Mesmerized

by belgardebells



Category: The 100 (TV)
Genre: F/M, Futuristic-Modern, Loneliness, One Shot, Solipsism
Language: English
Status: Completed
Published: 2018-10-20
Updated: 2018-10-20
Packaged: 2019-08-04 16:25:17
Rating: Not Rated
Warnings: No Archive Warnings Apply
Chapters: 1
Words: 2,004
Publisher: archiveofourown.org
Story URL: https://archiveofourown.org/works/16350080
Author URL: https://archiveofourown.org/users/belgardebells/pseuds/belgardebells
Summary: Clarke doesn't know if the man on her viewing screen is real. He could be a figment of her mind, a creation of technology, a hologram playing out in a code of zeroes and ones. But whatever he is, she's been unable to think of anything else from the first moment she saw him.





	Mesmerized

Clarke gave him a name, the same way she'd given herself one. The band on the bottom of her viewing screen wrote his name address as 15-403-9Y, 9Y for short, but Clarke didn't like that. It took her a long time of watching him, maybe weeks - she couldn't be sure - to come up with a name she liked.

She chose _Bellamy_.

She would stare at him for hours, curled up on her couch in the living room, wearing soft fleece clothing with a thin blanket, the night city and its thousands of dazzling lights a background to her viewing screen. Occasionally, she'd have to get up to answer the apartment door when it chimed with a delivery. There was never anyone there, of course ... just her package on the delivery belt that emerged from the wall outside. That was how she got everything; food, clothing, cleaning supplies, entertainment. She'd punch in its code on the electronic manual built into the wall beside the door, and a few days later, the manual would _ding_ and announce her delivery.

There were several other stainless steel front doors on her hall, stretching so far down she couldn't even see the end, but she wasn't really convinced anyone else lived behind any of them. She'd never seen another person in real life. Not a single one.

She didn't care about that anymore anyway. She had in the beginning, but now she only thought of Bellamy _._

Logically, he wasn't real. If she thought in terms of what was realistic - which she did her best not to - then he was just a code like everything else. She wasn't even entirely sure  _she_ was real. Sometimes, it was difficult to understand what was going on beyond her, or even what was going on within. She couldn't remember herself ever beginning, couldn't remember starting anywhere that wasn't this fancy apartment where she lived now ... couldn't remember a family or friends or knowing anyone. But some of the people on her viewing screen had those things sometimes.

Bellamy didn't. He was only ever alone, and she knew this because she watched him constantly, every single time he was on without fail. There was a viewing screen in every room of her apartment, so she could listen to him and watch him wherever she was, whatever she was doing.

She was currently in the porcelain bathtub, the large window next to her opened to let in a warm, late night draft. The lights all through the apartment were set to dim because she felt more relaxed that way. She had floral scented candles glowing along the wall of the tub, flames flickering in the breeze. She was shaving her legs with the LaZer-RaZer - a razor that singed hair follicles with a laser so that hair stopped growing for weeks at a time. Bellamy had reviewed a few days ago and gave it a positive review, because that's what he did: he was a Reviewer, same as her.

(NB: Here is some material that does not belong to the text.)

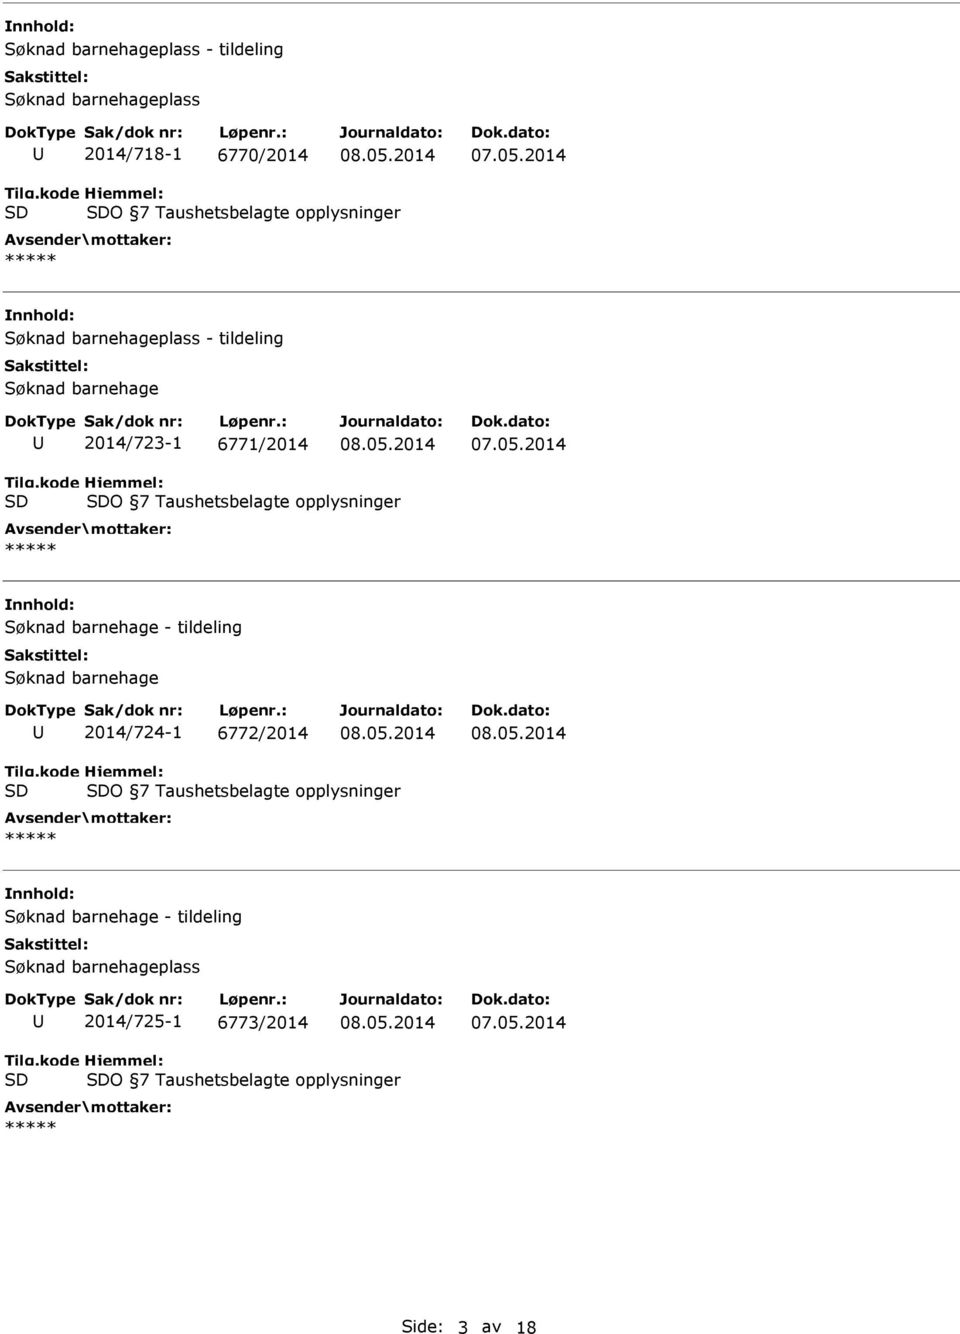 opplysninger Søknad barnehage - tildeling Søknad barnehage 2014/724-1 6772/2014 O 7 Taushetsbelagte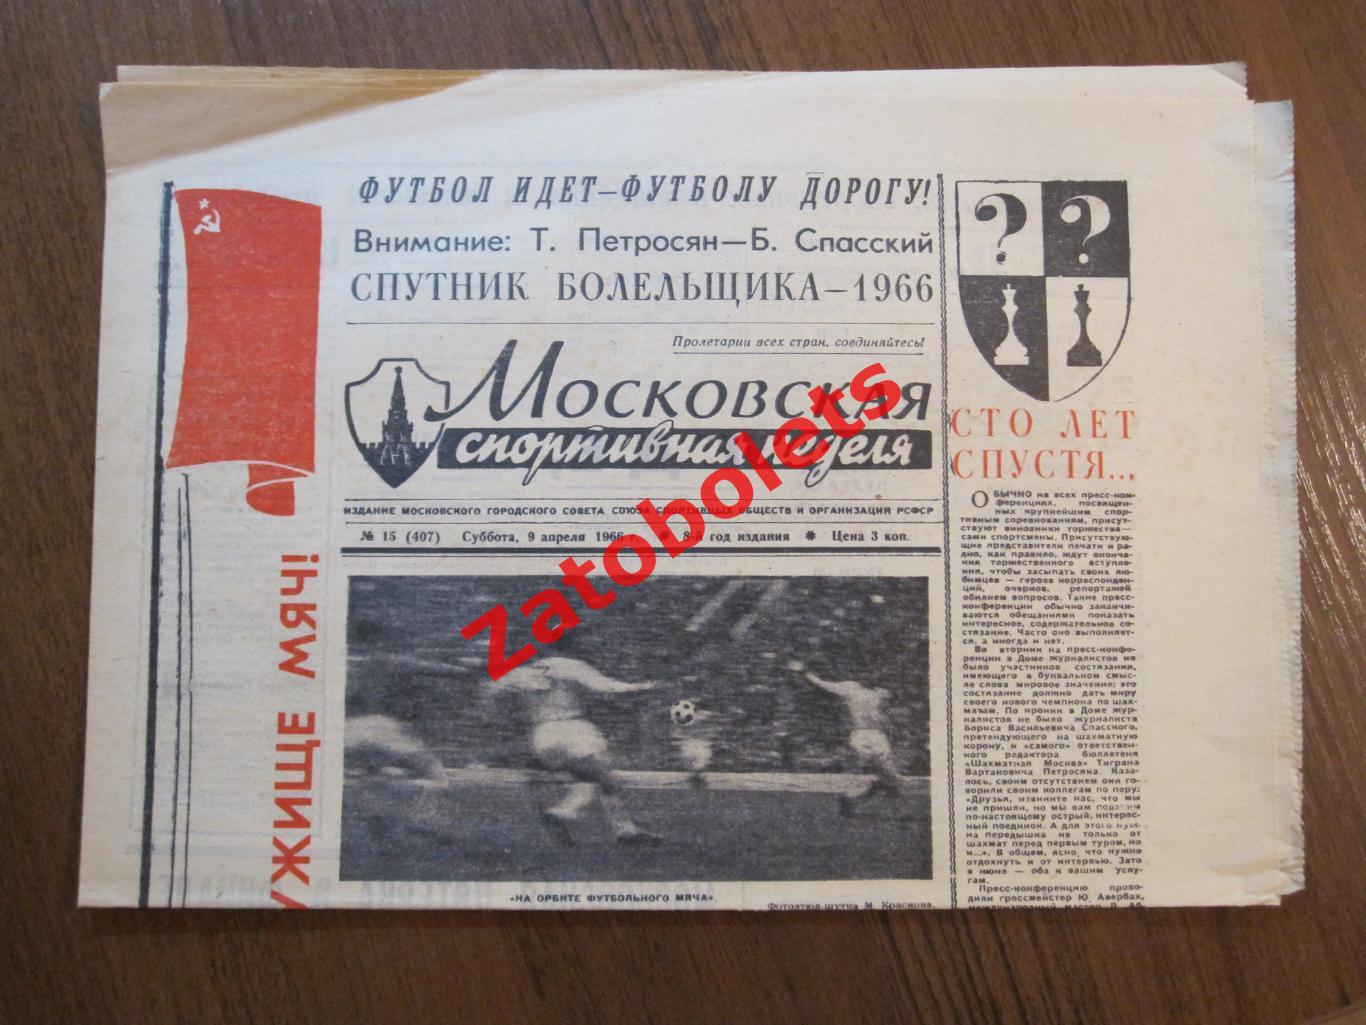 Московская спортивная неделя 09.04.1966 Футбол (Баскетбол ЦСКА)

He reviewed food, cookbooks, and home appliances mostly, and Clarke ordered every single item he used, even the ones he didn't like. She wanted to know how he experienced life, and the only way she could do that was to use everything he used. Sometimes she liked the things he didn't, and she would have a pretend conversation about it with him - out loud, alone in her bedroom lying on her back surrounded by fluffy blankets. She talked to him all the time as though he was really there, conjuring up responses he would give, falling in love all on her own with the version of him she saw on the screen.

She herself reviewed pieces of entertainment, things like artwork and sculptures, drawings and books - and she released her episodes online every Monday, Wednesday, and Friday, which were opposite dates to Bellamy's. She convinced herself that if Bellamy were real, he'd watch her episodes the same way she watched his. It made her laugh, thinking about how odd it would be if they were both real, and both thought the other _wasn't_ , and yet both were a little smitten with the other.

It wasn't possible, though. Or at least, it wasn't probable. She knew either everything was possible or nothing was, which was a difficult concept for her to grasp, but she tried. She got many hits on her reviews, but she didn't really know what that meant. They were very unlikely hits from real human people like her, if that's even what she was. It frightened her to think about it, to imagine that thousands upon thousands of machines - or robots, or whatever existed out in the world apart from her - watched her reviews, knew of her location, knew what she looked like, sounded like, talked like. It was so scary that she usually didn't think about it at all, but sometimes thoughts slipped through. Sometimes, she couldn't hold them back in time. Bellamy was her only escape from whatever existence she was living.

The LaZer-RaZer was burning her leg, turning pale skin pink, so she shut it off, the quiet tone abruptly stopping, Setting it down between two of her candles, she leaned back in her tub, water sloshing gently around, and she watched Bellamy on the viewing screen next to her just below the window. Her head dropped back against the wall, and she blinked softly, lifting her hand to stroke her pointer finger over his smiling face. Water dripped from the screen, a rainbow of colours distorting his face, but Clarke didn't care about wiping it off right then.

She dropped her hand back into the water and splayed both fingers gingerly over her knees, drawing a slow path up her submerged thighs to her hips, gently across her belly, imagining her hands were his. She didn't know about much, didn't know about what her existence was, or if there was any meaning to it, or if she even existed at all, but she did know that she craved touch like nothing else. Her fingers curved delicately into her abdomen, a deep chasm widening in her heart, reminding her of how lonely she really was.

She wondered if Bellamy was based off a real person who had actually existed at one point or another, or if he was merely a program and nothing else. Clarke was so lonely that she didn't think she'd even care. She'd call him 15-403-9Y if she had to, she'd blindfold herself around him just to keep to the illusion of there really being something other than her; she'd do it if it meant she was allowed to know what it was like - just once - to be touched by hands that weren't her own ... to be in the company of someone she could talk to for real and not just in her head.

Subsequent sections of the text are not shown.